The second thing to bear in mind is that in your first example, you're printing two separate items, while in your second example (with the j
removed), you're printing a single item: a tuple of length 2. Somewhat surprisingly, when converting a tuple for printing with str
, Python nevertheless uses repr
to compute the string representation of the elements of that tuple:
>>> x = 1.0 / 7.0
>>> print x, x # print x twice; uses str(x)
0.142857142857 0.142857142857
>>> print(x, x) # print a single tuple; uses repr(x)
(0.14285714285714285, 0.14285714285714285)
That explains why you're seeing different results in the two cases, even though the underlying floats are the same.
But there's one last piece to the puzzle. In Python >= 2.7, we saw above that for the particular float 0.4
, the str
and repr
of that float were the same. So where does the 0.40000000000000002
come from? Well, you don't have Python floats here: because you're getting these values from a NumPy array, they're actually of type numpy.float64
:
>>> from numpy import zeros
>>> A = zeros((2, 2))
>>> A[:] = [[0.6, 0.4], [0.4, 0.6]]
>>> A
array([[ 0.6, 0.4],
[ 0.4, 0.6]])
>>> type(A[0, 0])
<type 'numpy.float64'>
That type still stores a double-precision float, just like Python's float, but it's got some extra goodies that make it interact nicely with the rest of NumPy. And it turns out that NumPy uses a slightly different algorithm for computing the repr
of a numpy.float64
than Python uses for computing the repr
of a float
. Python (in versions >= 2.7) aims to give the shortest string that still gives an accurate representation of the float, while NumPy simply outputs a string based on rounding the underlying value to 17 significant digits. Going back to that 0.4
example above, here's what NumPy does:
>>> from numpy import float64
>>> x = float64(1.0 / 7.0)
>>> str(x)
'0.142857142857'
>>> repr(x)
'0.14285714285714285'
>>> x = float64(0.4)
>>> str(x)
'0.4'
>>> repr(x)
'0.40000000000000002'
So these three things together should explain the results you're seeing. Rest assured that this is all completely cosmetic: the underlying floating-point value is not being changed in any way; it's just being displayed differently by the four different possible combinations of str
and repr
for the two types: float
and numpy.float64
.
The Python tutorial give more details of how Python floats are stored and displayed, together with some of the potential pitfalls. The answers to this SO question have more information on the difference between str
and repr
.
Don't mind me, I failed to realise that the question was about NumPy.

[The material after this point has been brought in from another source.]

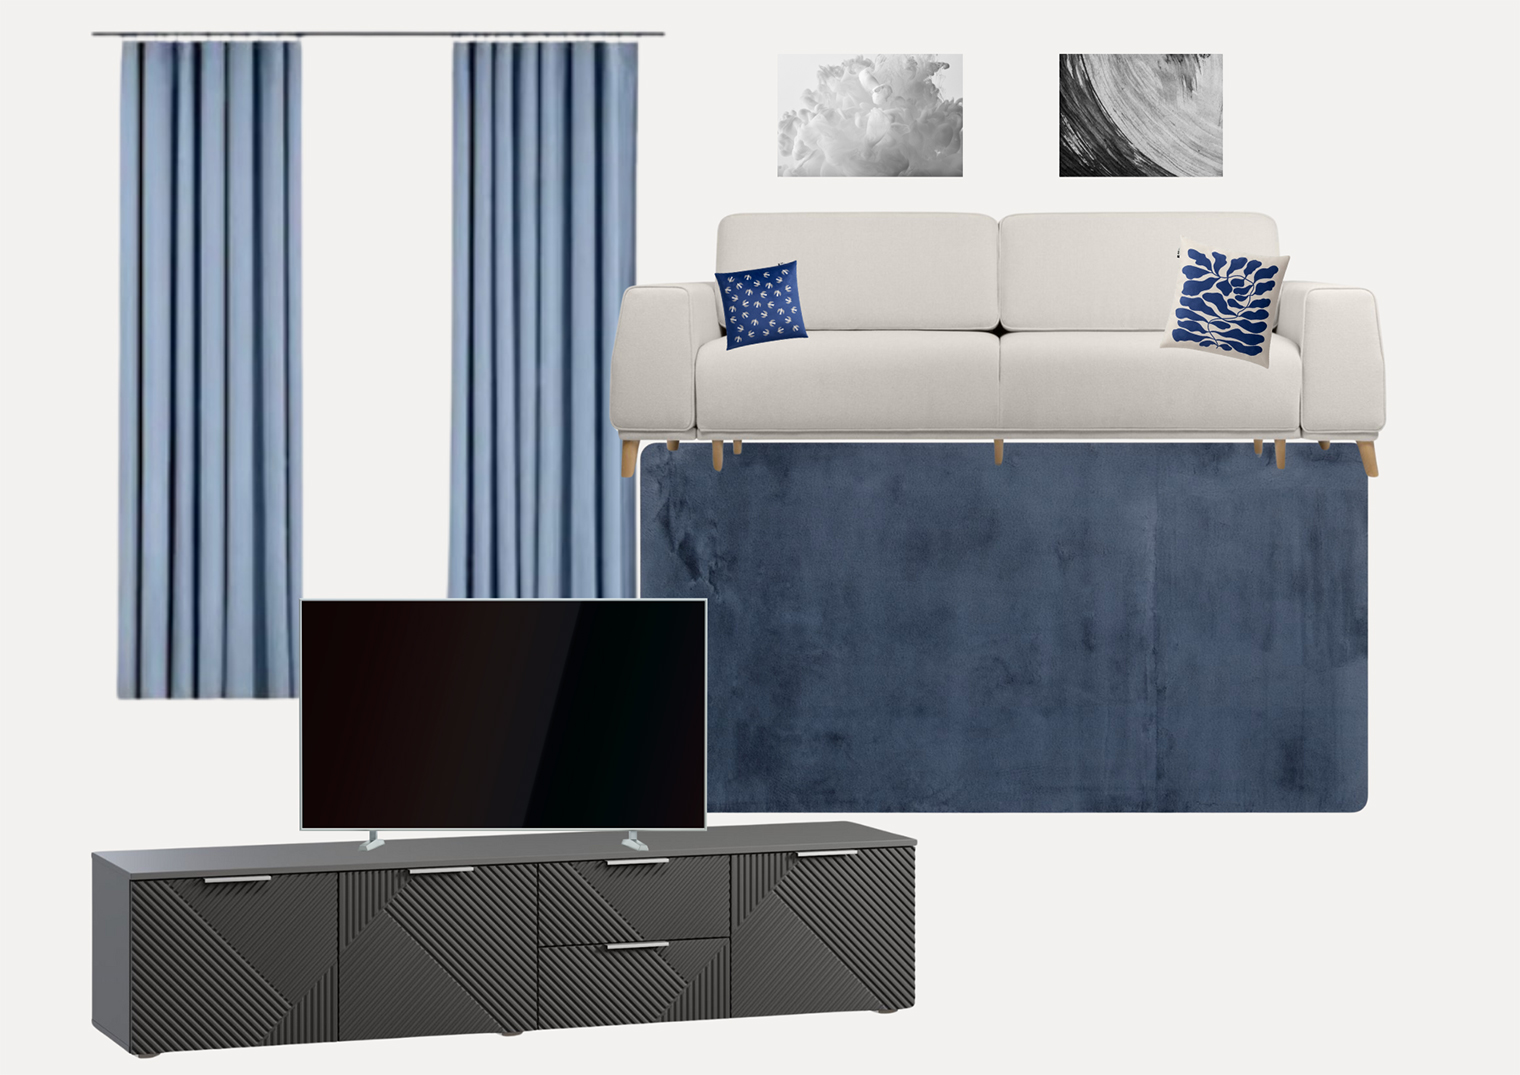 Еще сюда можно добавить чуть⁠-⁠чуть темного — например, картины над диваном, чтобы сбалансировать тумбу и телевизор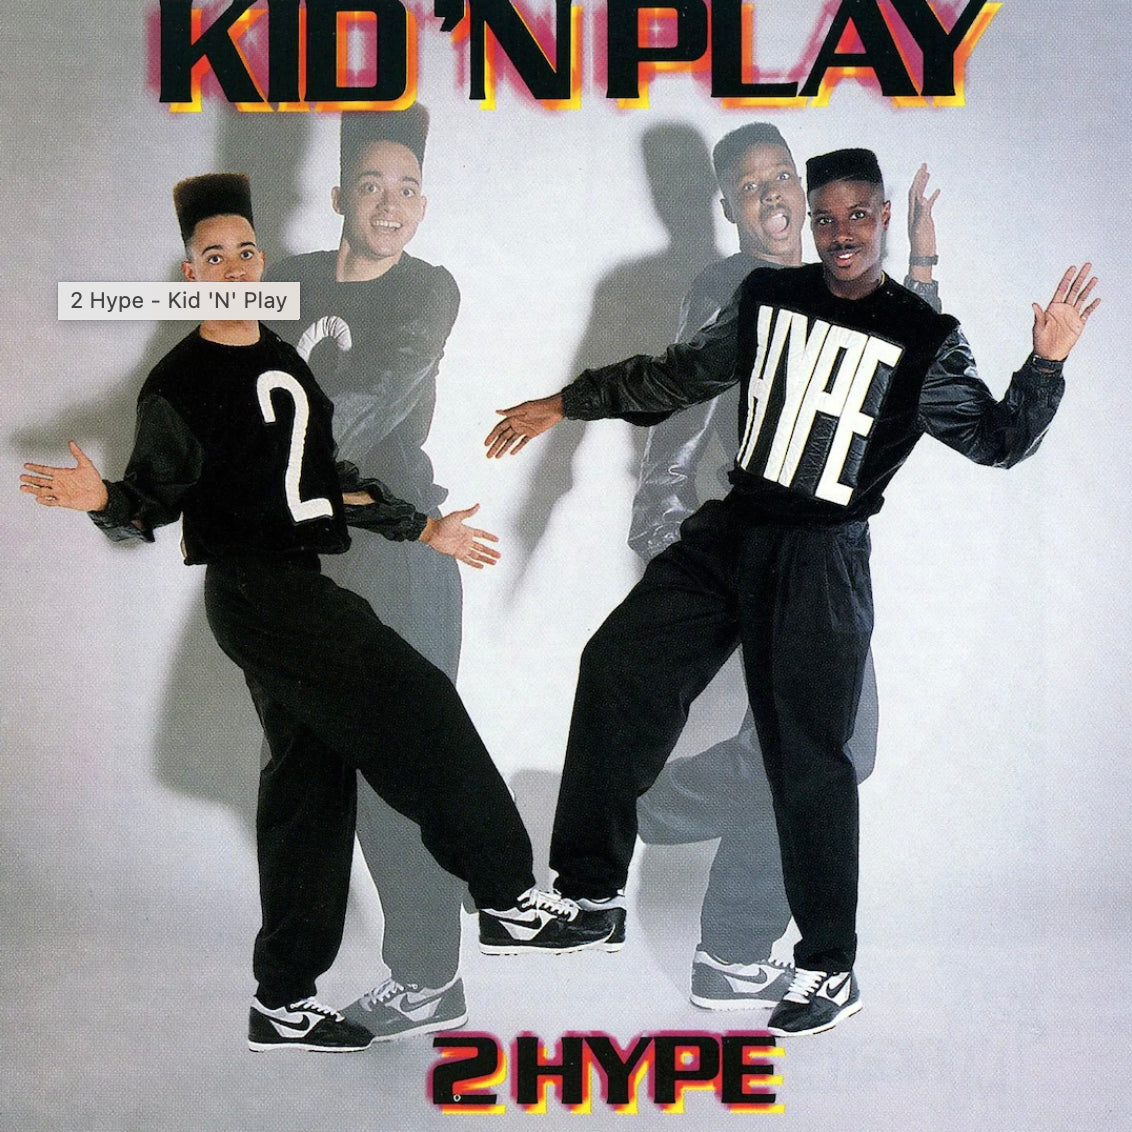 Kid 'n Play - 2 Hype

The strange 0.59999999999999998
and friends is Python's best attempt to accurately represent how all computers store floating point values: as a bunch of bits, according to the IEEE 754 standard. Notably, 0.1
is a non-terminating decimal in binary, and so cannot be stored exactly. (So, presumably, are 0.6
and 0.4
.)
The reason you normally see 0.6
is most floating-point printing functions round off these imprecisely-stored floats, to make them more understandable to us humans. That's what your first printing example is doing.
Under some circumstances (that is, when the printing functions aren't trying for human-readable), the full, slightly-off number 0.59999999999999998
will be printed. That's what your second printing example is doing.
This is not Python's fault; it is just how floats are stored.